Wenn ihr einen wisst, nennt den und gut. 
Da brauchts man keinen Glaubenskrieg dazu ausrufen.


----------



## marius_ (14. Mai 2013)

Meint ihr denn, dass der Händler am Service nichts verdient? Ich würde mich als Händler doch über jeden Service freuen, bei hoher Auslastung halt entsprechend Termine machen. Ob man dann ggf. so lange wartet oder sich doch selbst versucht ist dann die eigene Entscheidung. Für den Händler ist es doch am besten, wenn seine Werkstatt neben dem normalen Verkaufsgeschäft möglichst ständig was zu tun hat!?

Es ist ja nicht so, dass die Händler nur über die Marge verdienen und die Services nachher zum Selbstkostenpreis anbieten. Warum Versender-Käufer so abgewiesen werden erschließt sich mir nicht. Man hat ja schließlich auch keine Beratung oder Gratis-(Erst-)Services o.ä. in Anspruch genommen.

Andere Sache: Was wenn ich mein Rad im Laden X kaufe, umziehe und dann im anderen Laden am neuen Wohnort warten lassen möchte? Muss ich immer in die alte Heimat für nen Service? Völlig unlogisch.

Und wenn *DarkGreen *hier von seiner Schadenfreude erzählt, so darf ich sagen, dass ich (und viele Versender-Käufer sicherlich auch) mich auch übelst freue, dass ich im Versand ein besser ausgestattetes Rad zum besseren Preis bekommen habe... Von daher ist man also quitt würde ich sagen. 

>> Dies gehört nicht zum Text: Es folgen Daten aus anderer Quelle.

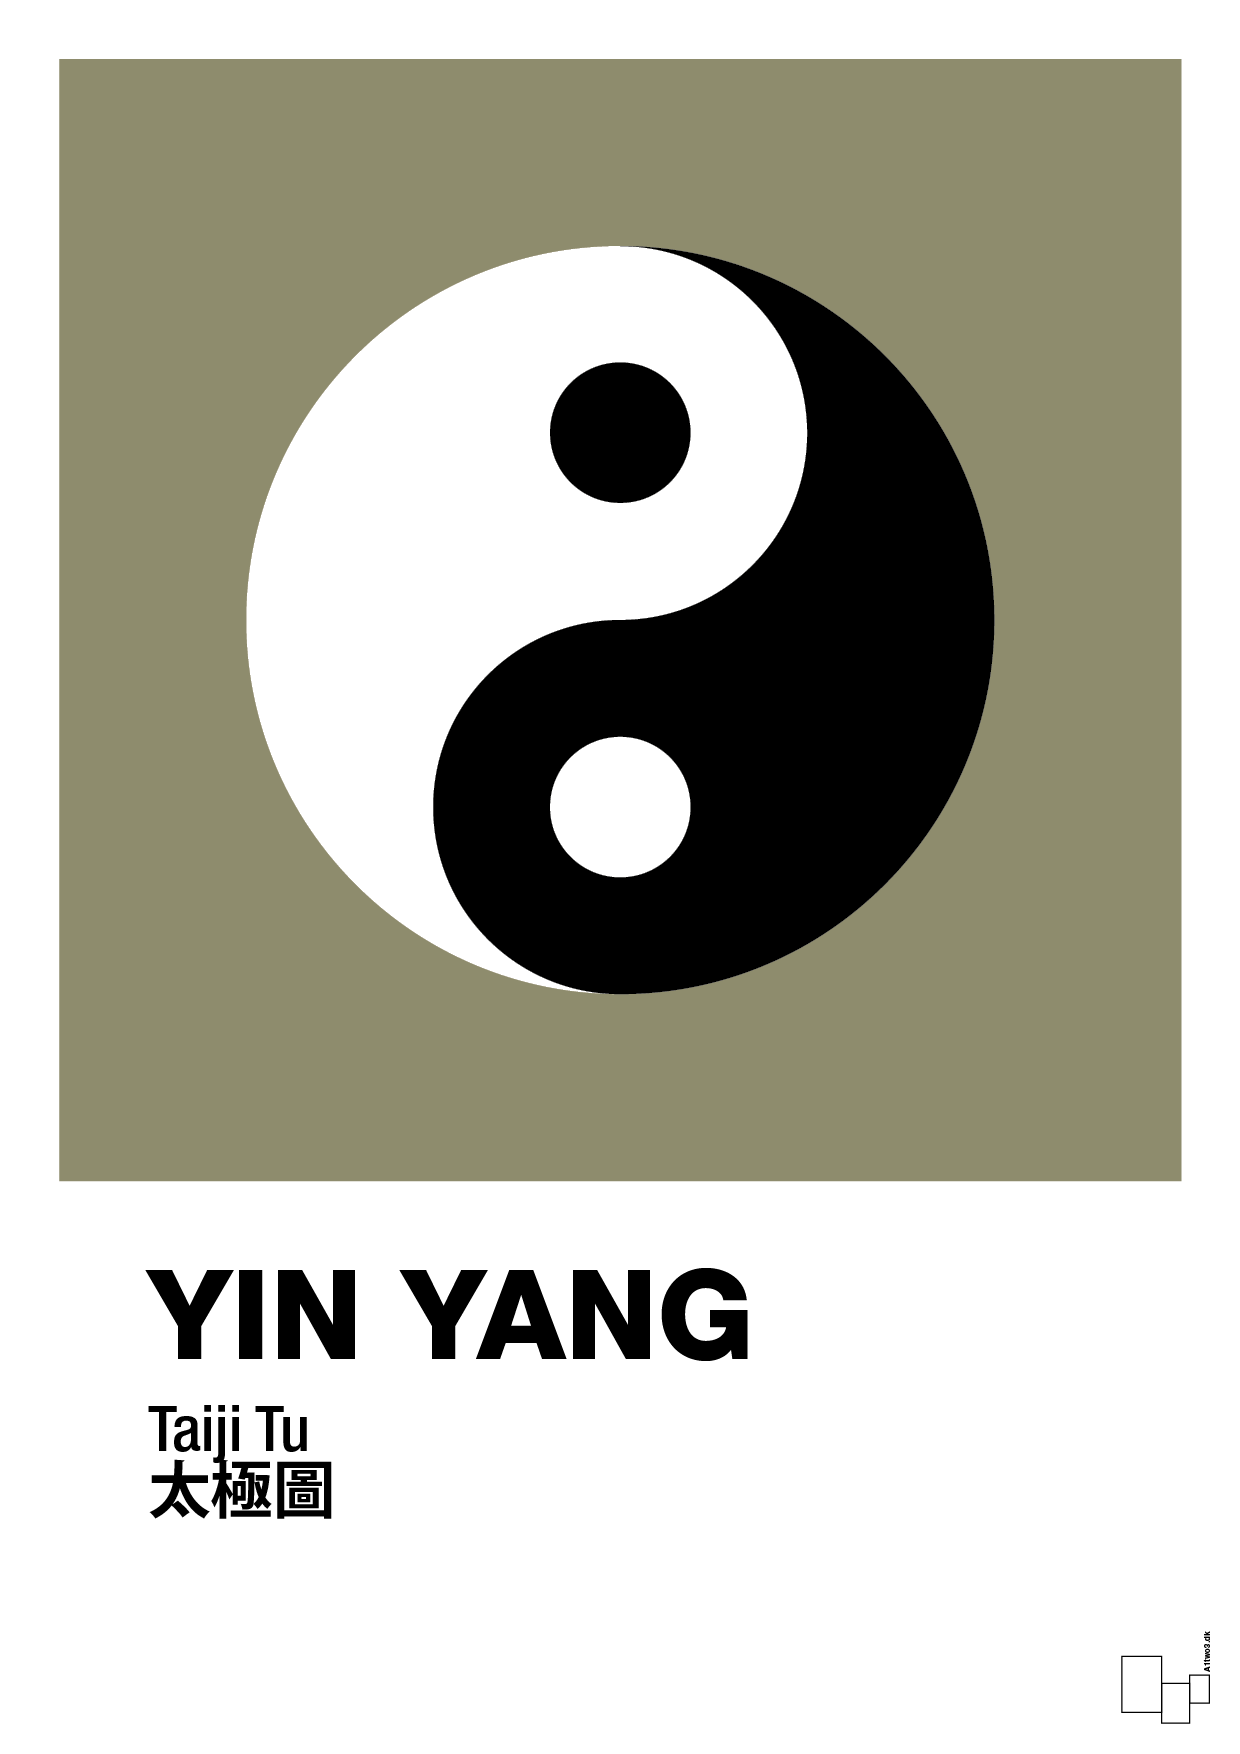 yin yang - Plakat med Videnskab i Misty Forrest

Warum Händler einen Service für Versender-Bikes ablehnen, begründet dies aber nicht. Man könnte meinen, sie verdienen zuviel am eh schon laufenden Geschäft. Der einzige Grund der mir jetzt spontan einfällt wäre, dass man Kunden, die auch im eigenen Laden das Rad gekauft haben vorzieht bei der Terminvergabe. Das wäre dann halt der Versender-Nachteil (den auch alle zu spüren bekommen würden, die ihr Rad z.B. am alten Wohnort gekauft haben), mit dem man aber leben könnte.

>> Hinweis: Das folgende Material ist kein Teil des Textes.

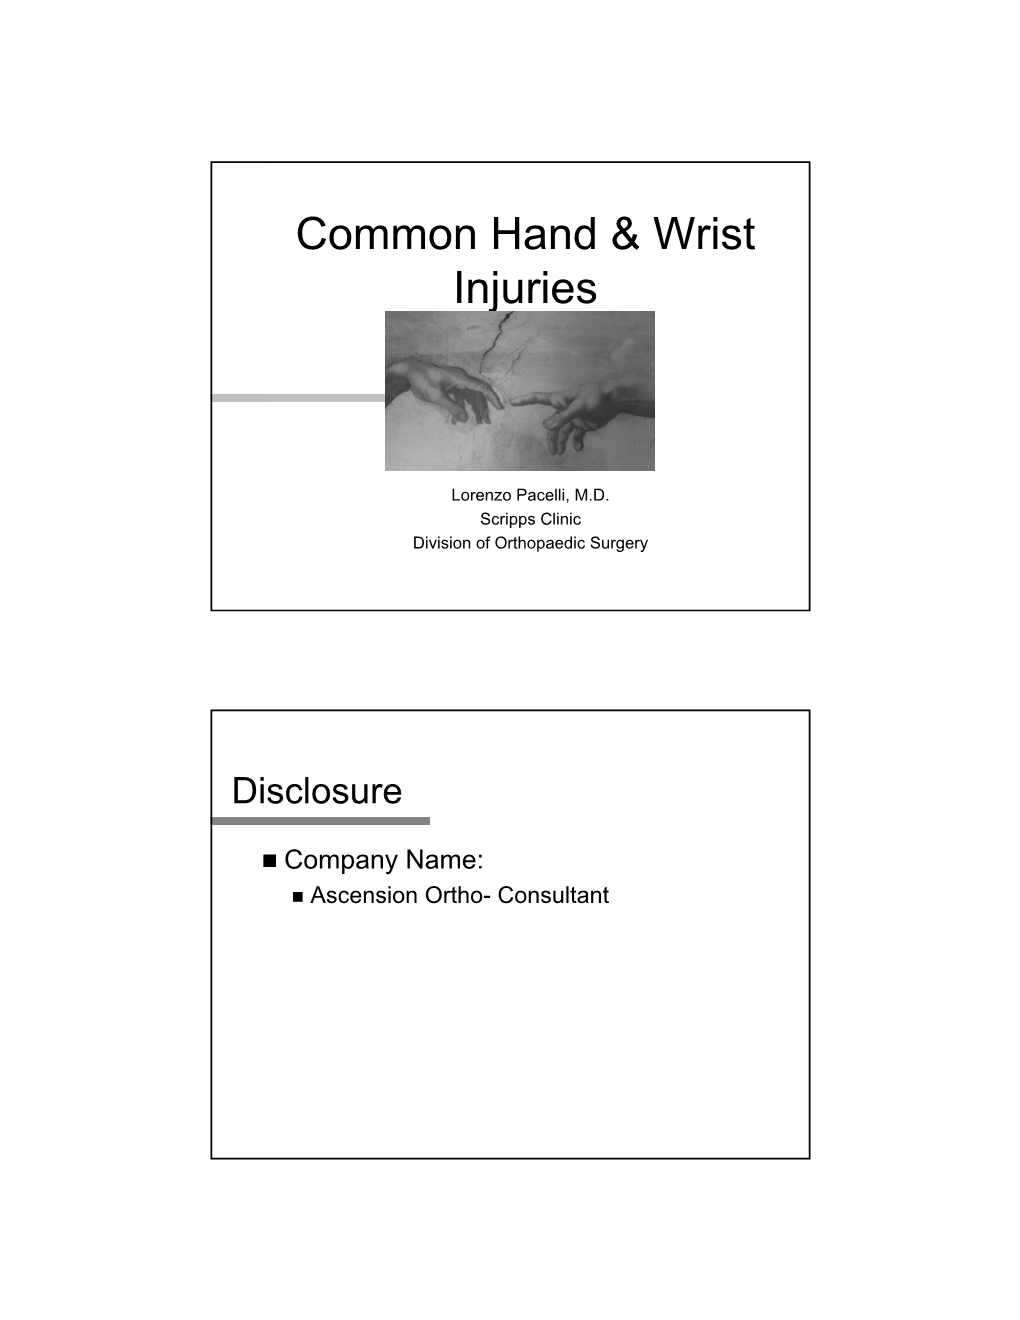 Common Hand & Wrist Injuries

EDIT: Was z.B. Rabe angeht, dort ist meiner Erfahrung nach immer so viel los, dass man sich auf die eigenen Kunden beschränken muss, um deren Wünsche zumindest abgearbeitet zu bekommen. Denn als Kunde wäre ich dann schon verärgert, wenn "fremde" Räder "meinen" Laden "blockieren".


----------



## DarkGreen (14. Mai 2013)

Eben, sie darf sich gern die Nägel lackieren. Soll aber halt nicht drüber jammern, das ihr die Händler ihr Rad nicht reparieren wollen. Vor allem jetzt zum Saisonstart wo die genug mit den bein Ihnen gekauften Radern zu tun haben.

Und was sie zu tun hat stand schon im ersten Antwort-Post: Paket mit Rad drin zu Canjon schicken.


----------



## marius_ (14. Mai 2013)

DarkGreen schrieb:


> ... wo die genug mit den bein Ihnen gekauften Radern zu tun haben.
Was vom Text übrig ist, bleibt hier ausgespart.